Collected material:
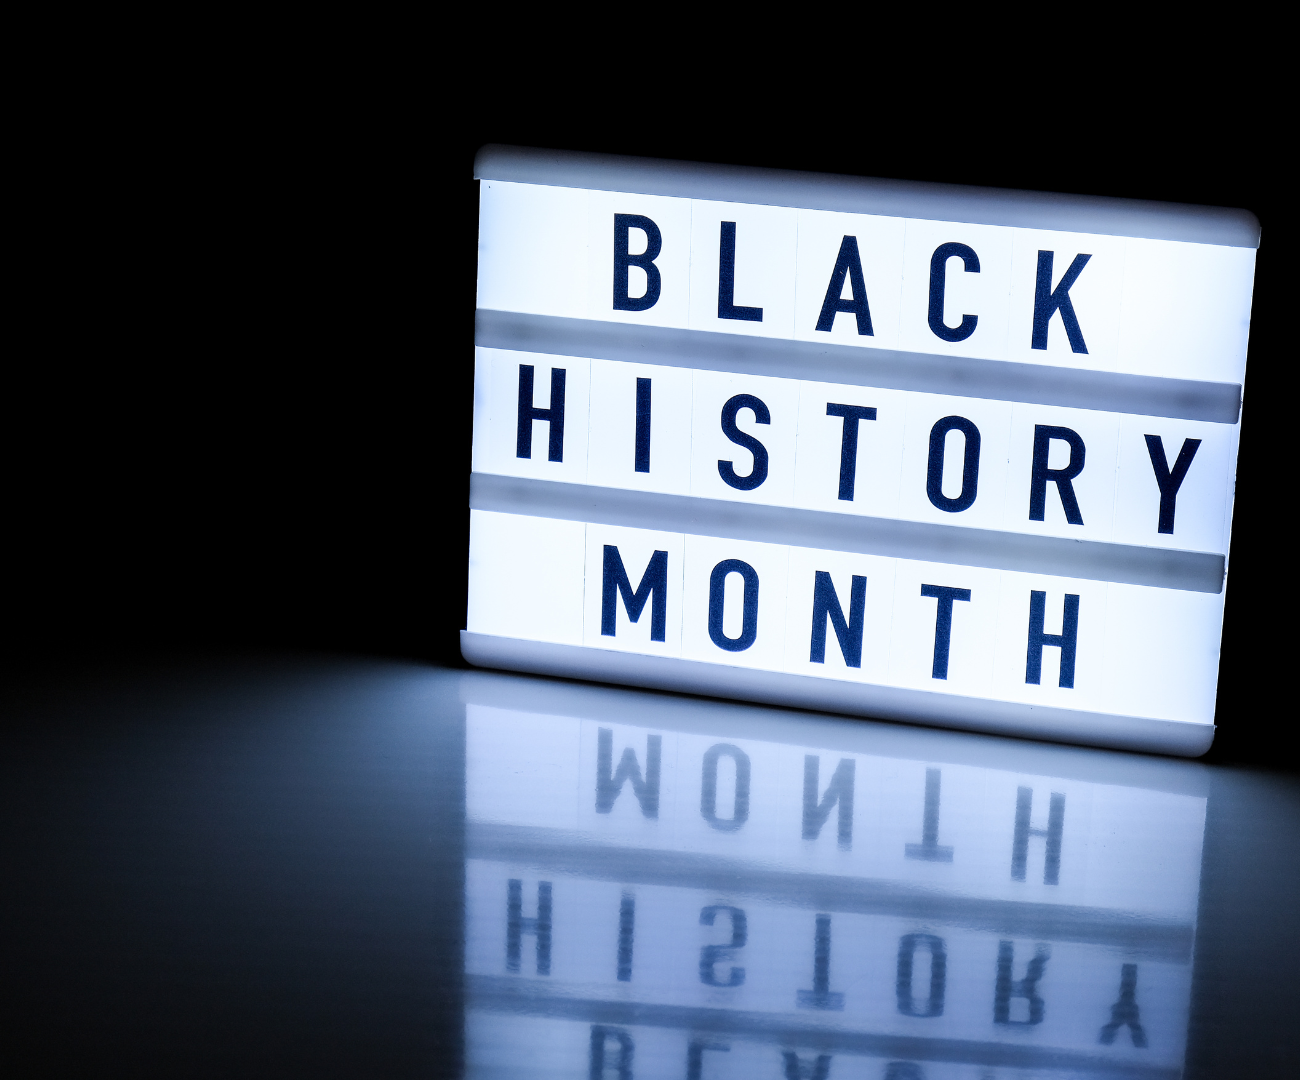 Attend a Black History event in your community
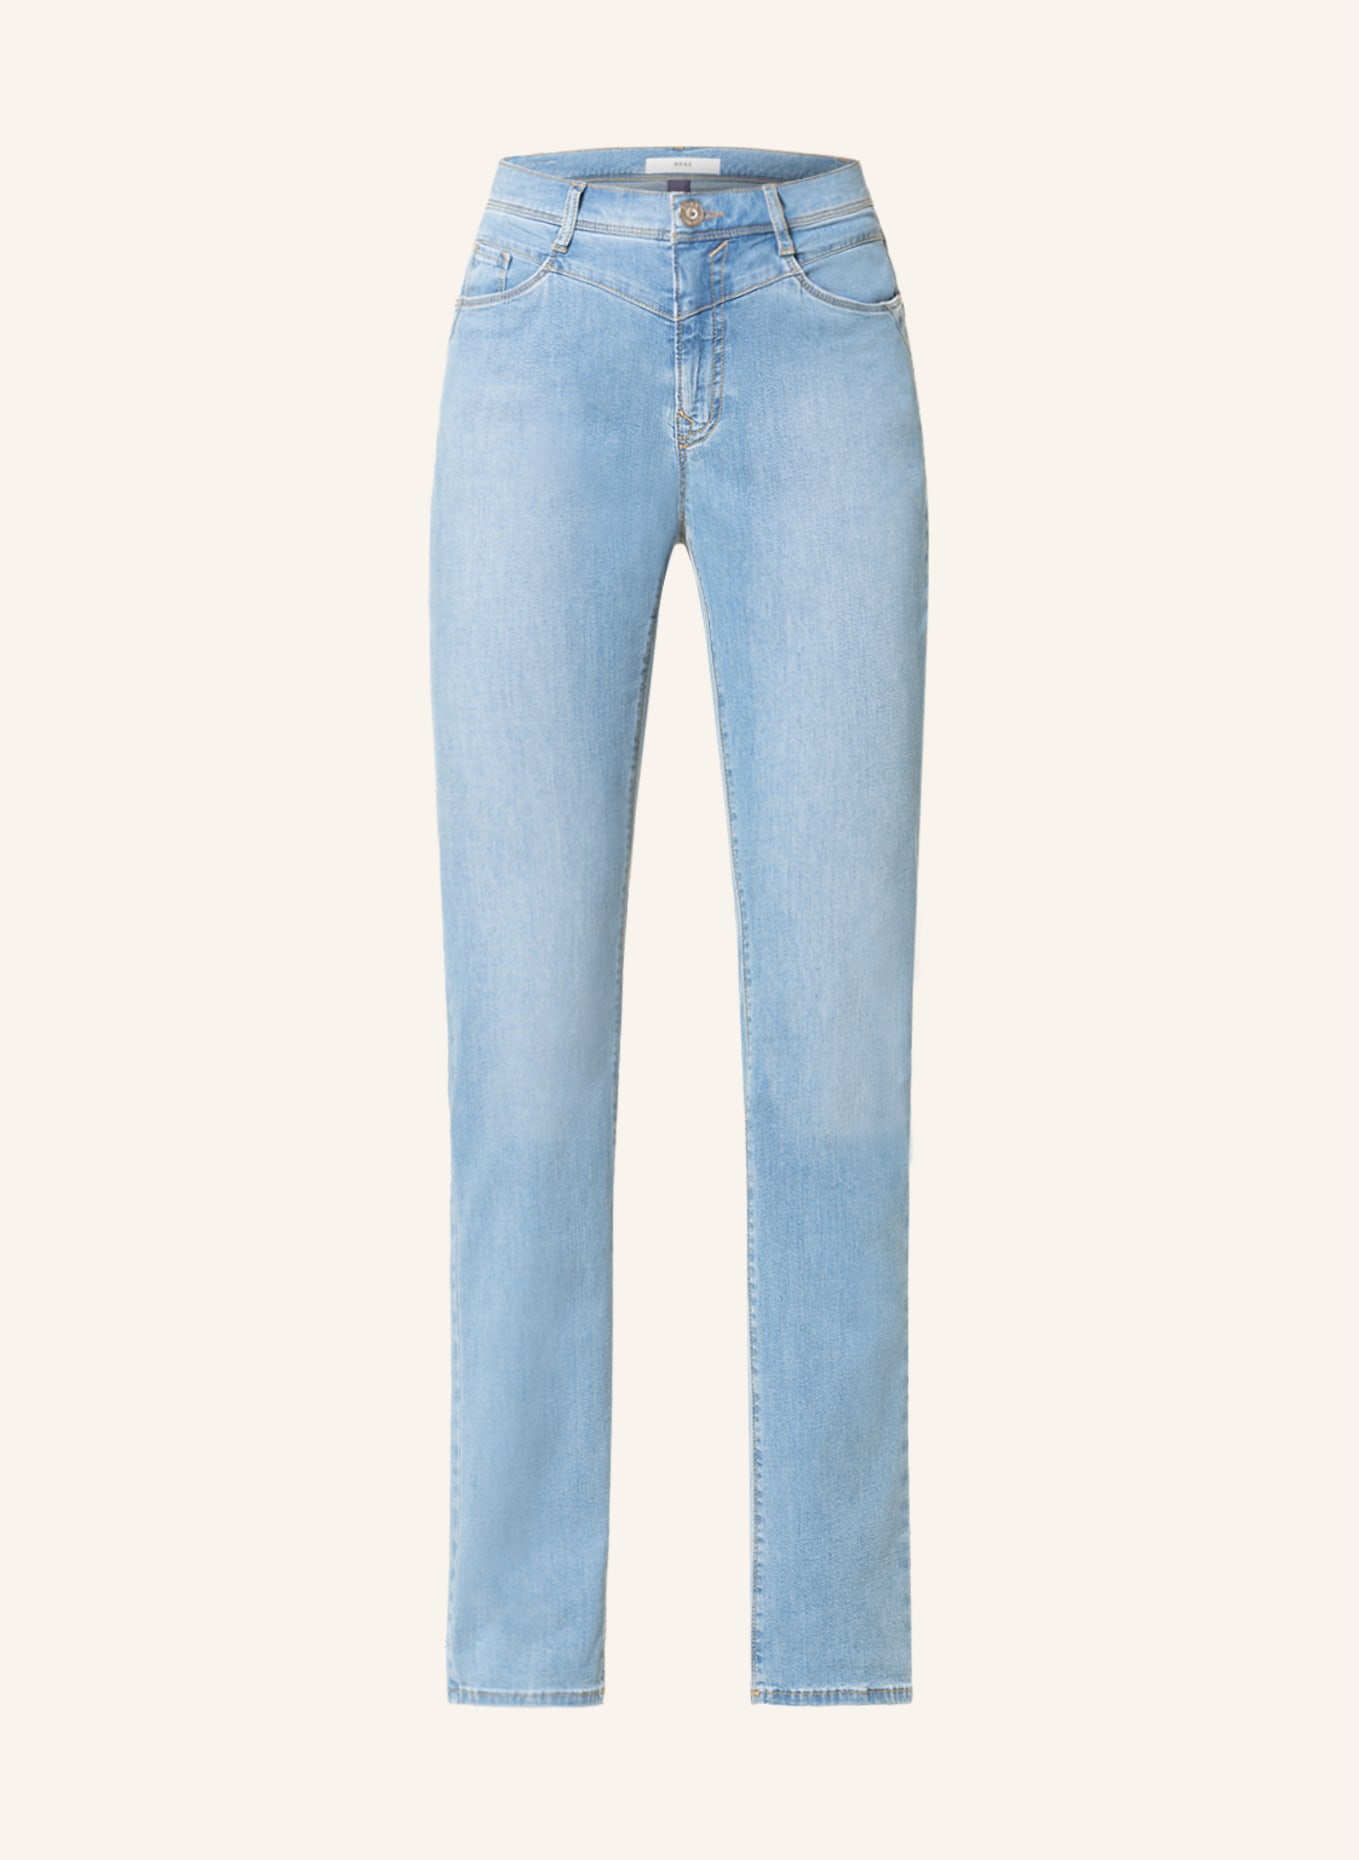 BRAX Jeans MARY in 19 used light blue | Skinny Jeans
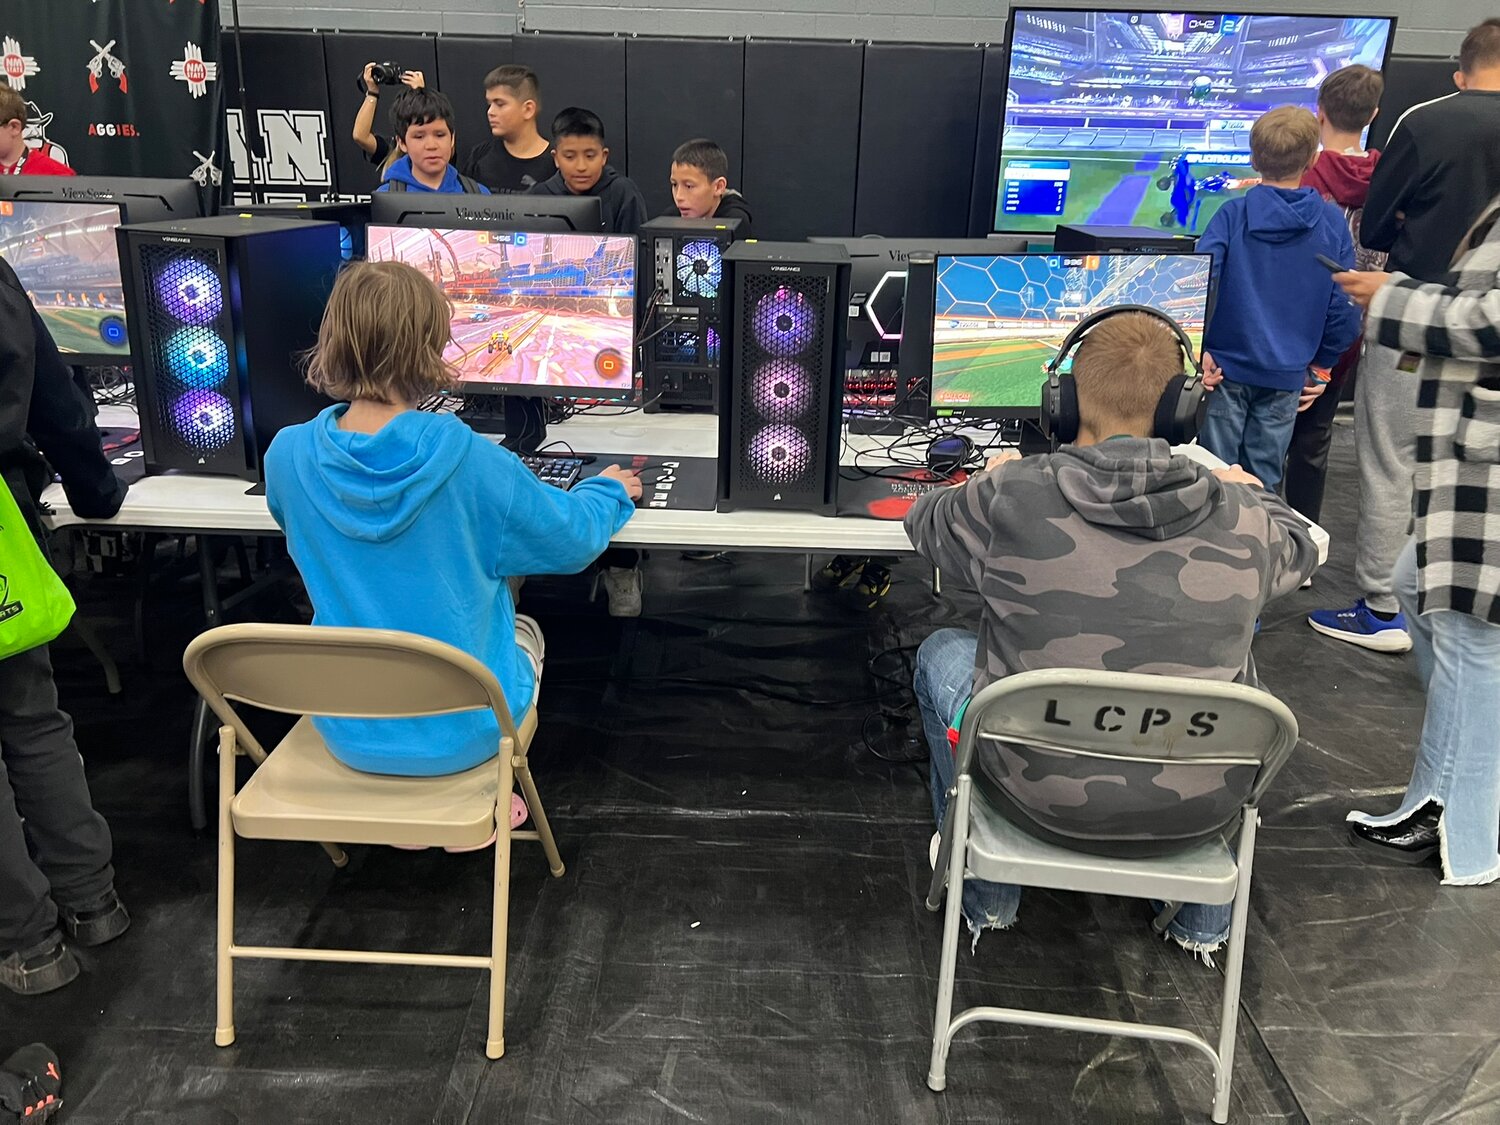 Students from across the school district participate in the LCPS Roadrunner Rally Esports Showcase Nov. 30 at Organ Mountain High School.

What the task requires:
Retype the whole listing above exactly as written. Skip the pictures.

Answer to this exercise:
 Attend a Black History event in your community
 BRAX Jeans MARY in 19 used light blue | Skinny Jeans
 Students from across the school district participate in the LCPS Roadrunner Rally Esports Showcase Nov. 30 at Organ Mountain High School.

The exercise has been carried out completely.